The overwhelming sensation when playing the game is often a sense of powerlessness; you cannot do much if you have the wrong cards. And a sudden sniper attack, or enemy reinforcement on your flank, or any other setback by way of a random event, cannot be planned for. But the good news is your opponent is in the same boat! In short, you not only need to understand tactical combat when playing this game, but you need to know how to manage a hand of cards. Think Squad Leader and Up Front, shaken together, and served up. Oh, and there are no tanks; this is infantry on infantry action.

I had the luxury of a recent face to face session with Ofer to play this game. It was the first outing for him, so we started with scenario 1 to see how things would go. He enjoyed it enough to ask for another game and we moved on to the meatier scenario 2. In a nutshell, my artillery and repeated lucky random events meant my American forces carried the day. I consoled him by telling him that the same thing happened to me when I had played it as the Germans.

So far as the game is concerned, I like it and would play it a gain at any time of asking. However, I have my suspicions the game is not balanced. I do not see how it is possible to balance a game like this given the vagaries of the random events and the nature of card draws. (See the comment above about chaos. As a further example, in scenario 2, my Americans had plentiful use of their artillery because those artillery cards came up when I could use them. Poor Ofer’s card that delayed my artillery was rarely seen in that role…)

But the balance issues I perceive – and I may be wrong – do not stop my enjoyment. The game, after all, delivers an intensive story like experience; troops fight, rally, recover, and rout. Key positions are taken, lost and re-taken. Snipers take their toll. Random reinforcements appear. Leaders shepherd their charges through the hell of war. I very much enjoy it whether winning or losing.
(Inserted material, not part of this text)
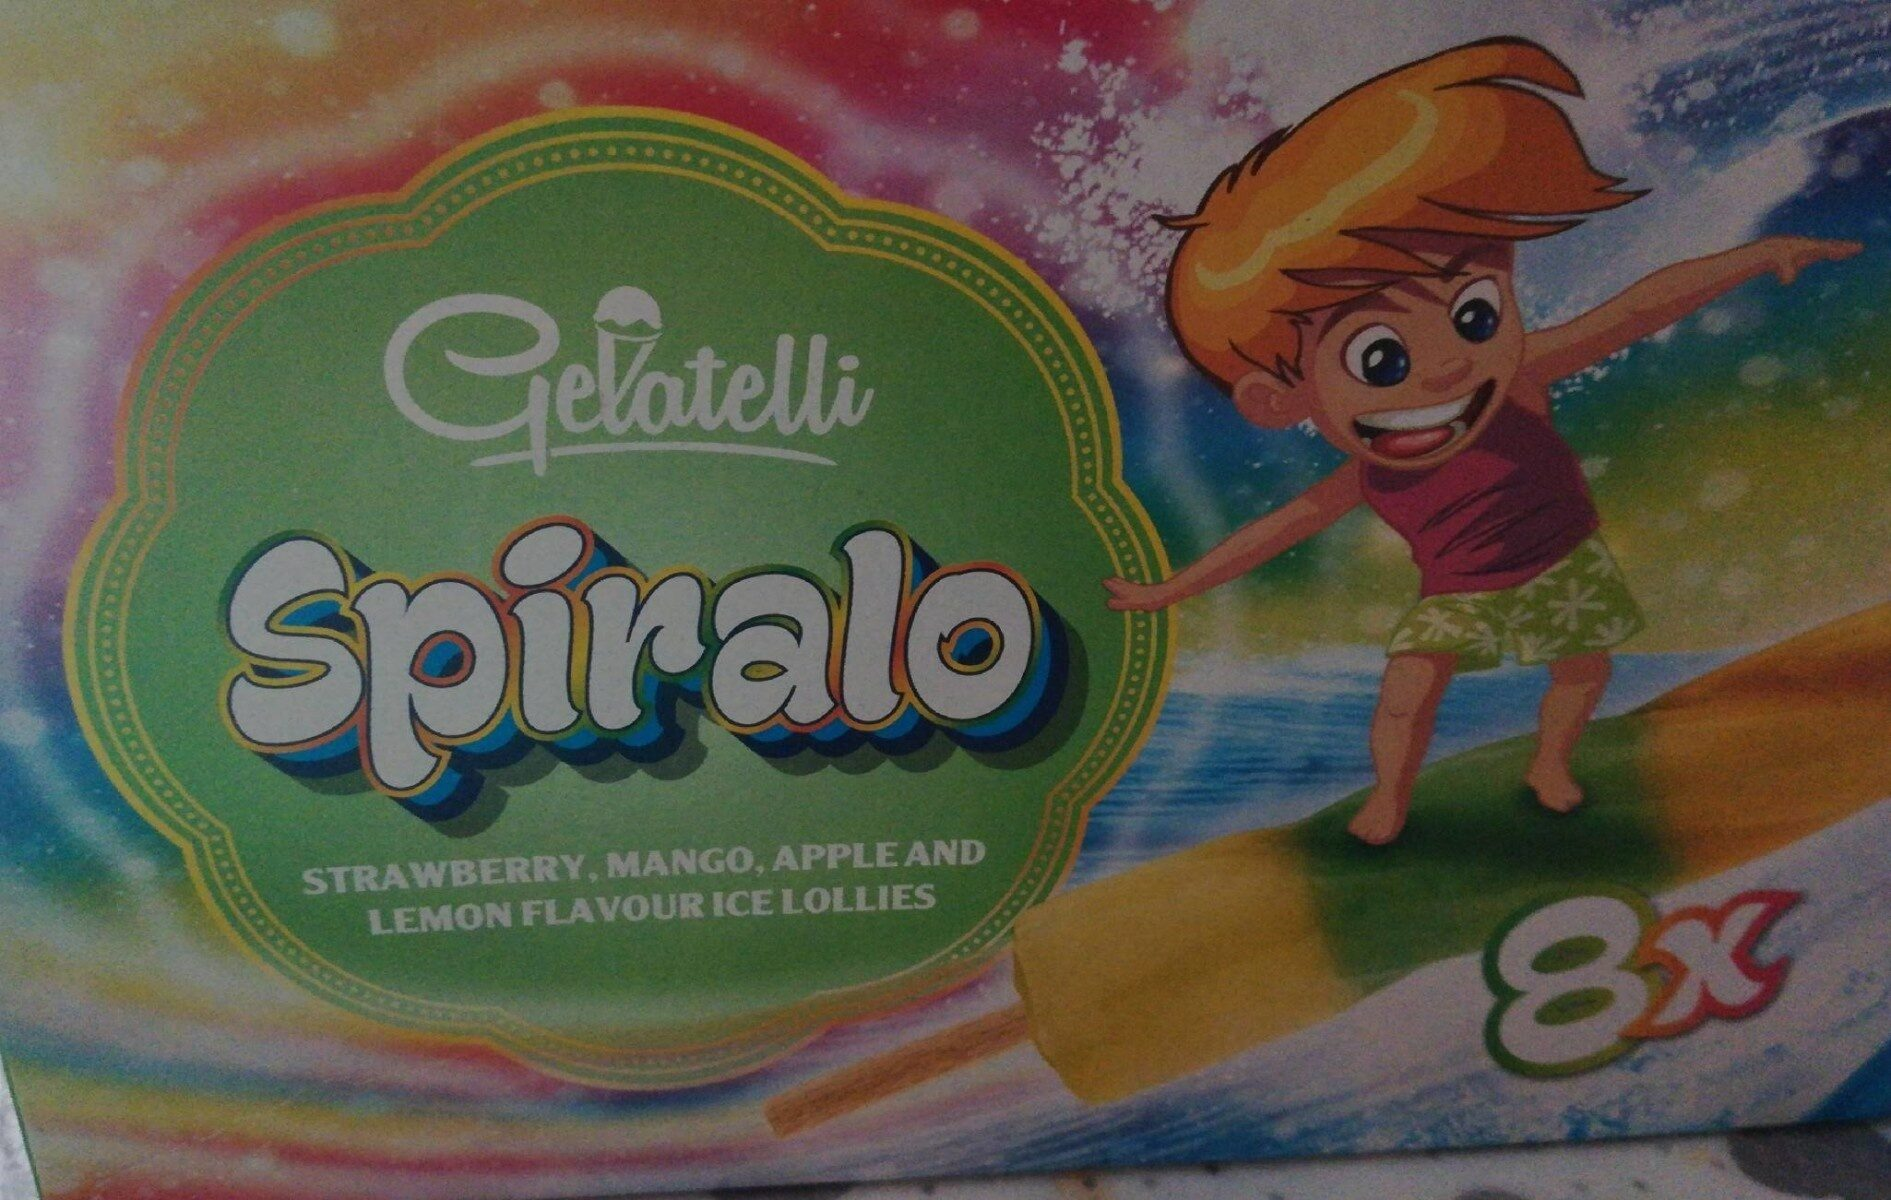 Gelatelli Spirallo - Product
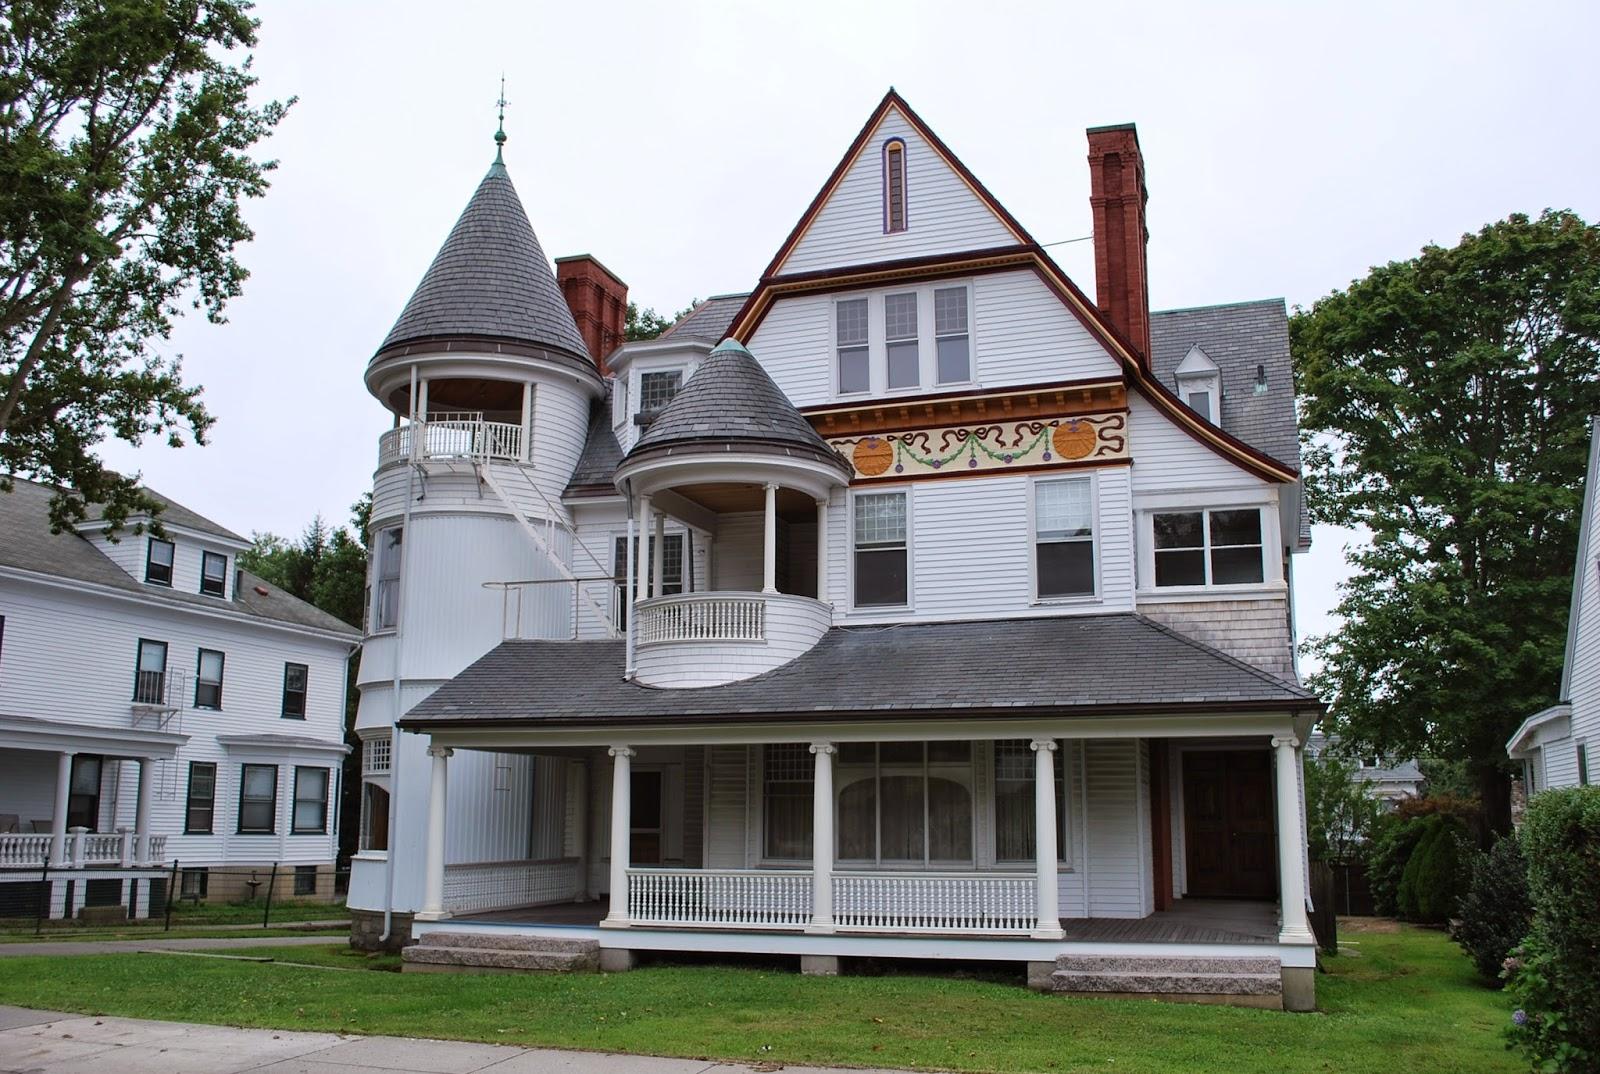 Maison Newport

Either way, it’s a great game.

ConsimWorld – Games Played

The main games I played at ConsimWorld Expo were:

Hell’s Highway

In Hell’s Highway, Rob Bottos and I teamed up as the Germans against Richard Dupraw and Michael Roso. We played the Besieged scenario which is the campaign game on one map.

The British forces landed reasonably well and skipped into Arnhem, but could not take the bridge. There then began a long, bloody fight which went back and forth as each side threatened to seize victory. The US paratrooops, backed up eventually by the arrival of 30th Corps, smashed their way through the defending German forces and seized the bridge at Arnhem, but could not get into contact with the remaining paras. Unfortunately for the Allies, a German flanking move cut off their supply and the game finished as a narrow German win. Had there been one less hex penetration by the German forces, it would have been an Allied win.
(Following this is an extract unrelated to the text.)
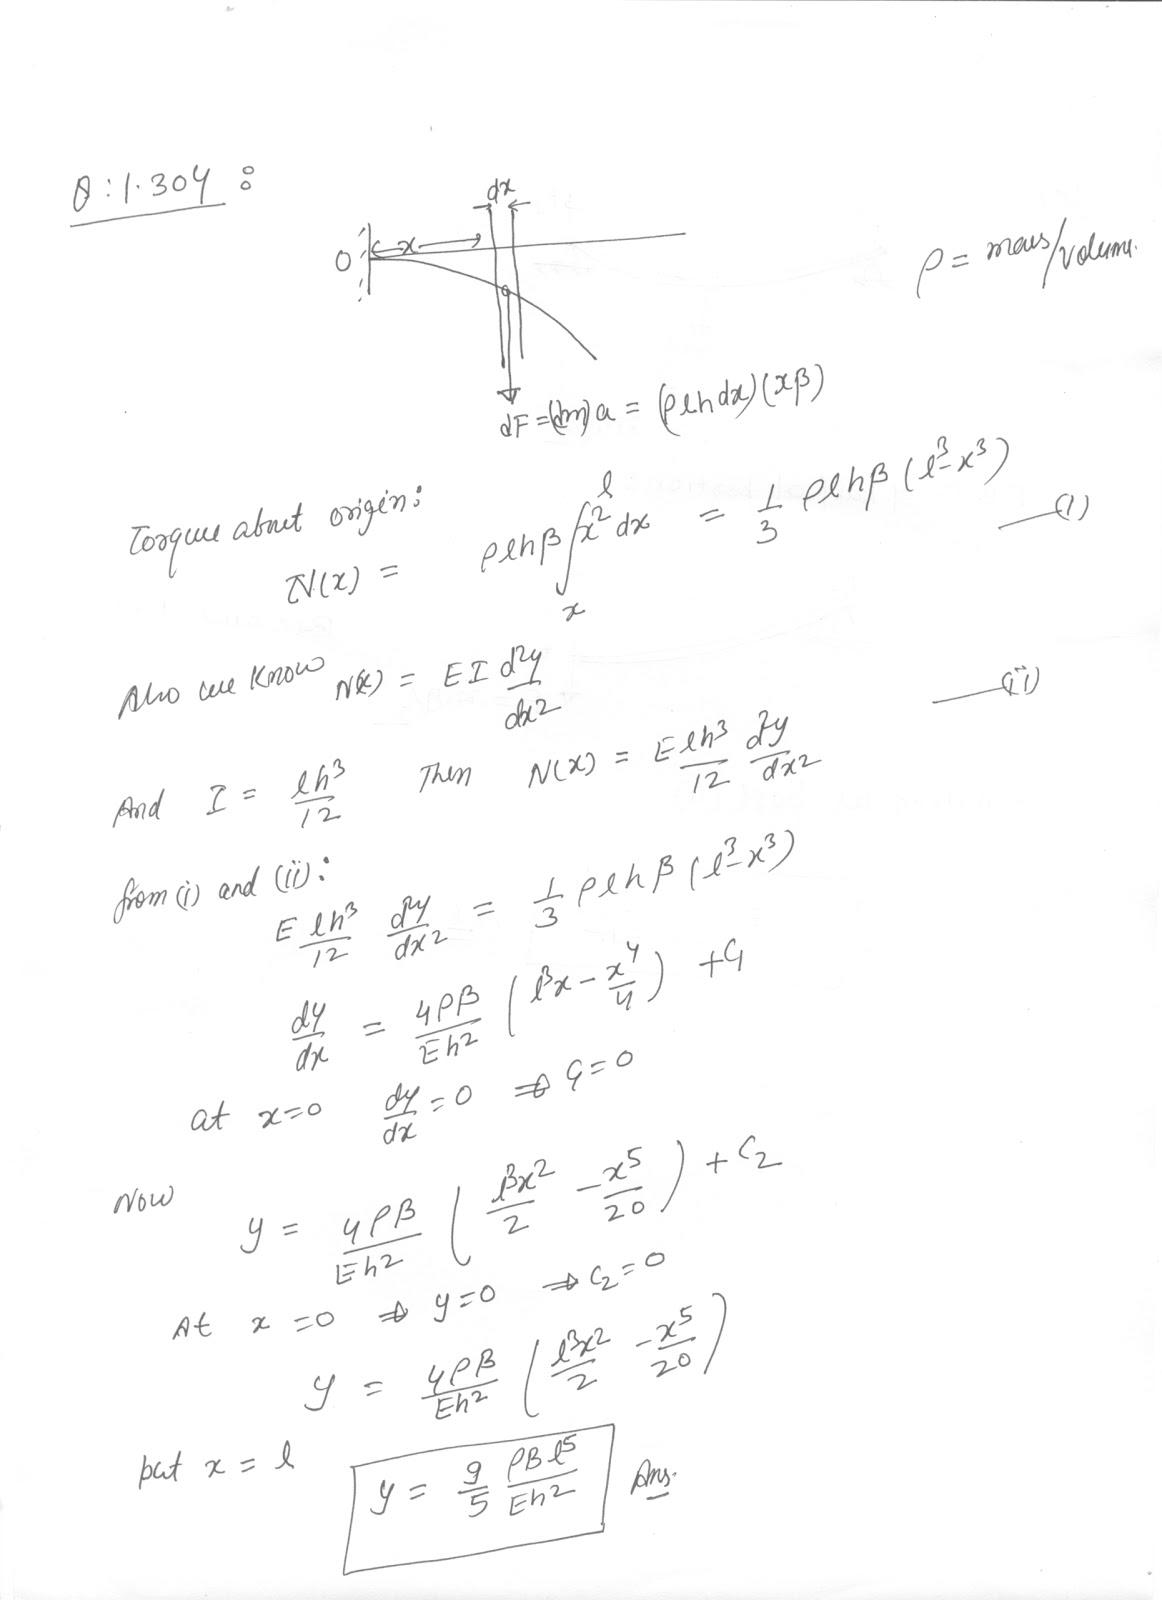 SOLUTIONS TO I E IRODOV BY RKH: PROBLEM:1.304

The game was one of my best ever gaming experiences. The other players were brilliant to play with. It was fun, fun, fun. Challenging and engrossing without the headache of fighting over the rules. Whatever we got wrong, we sorted out amicably. I can safely say that if our side had lost, I would be saying the same. So, a big thanks to Rob, Richard and Mike.

The pictures of the game in progress are here.

Bulge

In short, Rob and Michael won (as the Germans) by smashing two of the USA’s (Richard and me in command) big units and grabbing 3 Victory Point hexes, all in time for the first Sudden Death Victory check. In one battle, they outscored us by 5 hits to one (with roughly equal chances) and then repeated the same feat in the same turn. Short and sweet. Again, fun to play. So much so, that although I dislike the ‘bucket of dice’ combat system, I sought out and bought the new game with this system, namely FAB: Sicily.

Combat Commander

I played (and lost) one scenario against John Leggat. He was patient, as it had been a while since I had played the game. As usual, it was chaotic and fun. Great entertainment.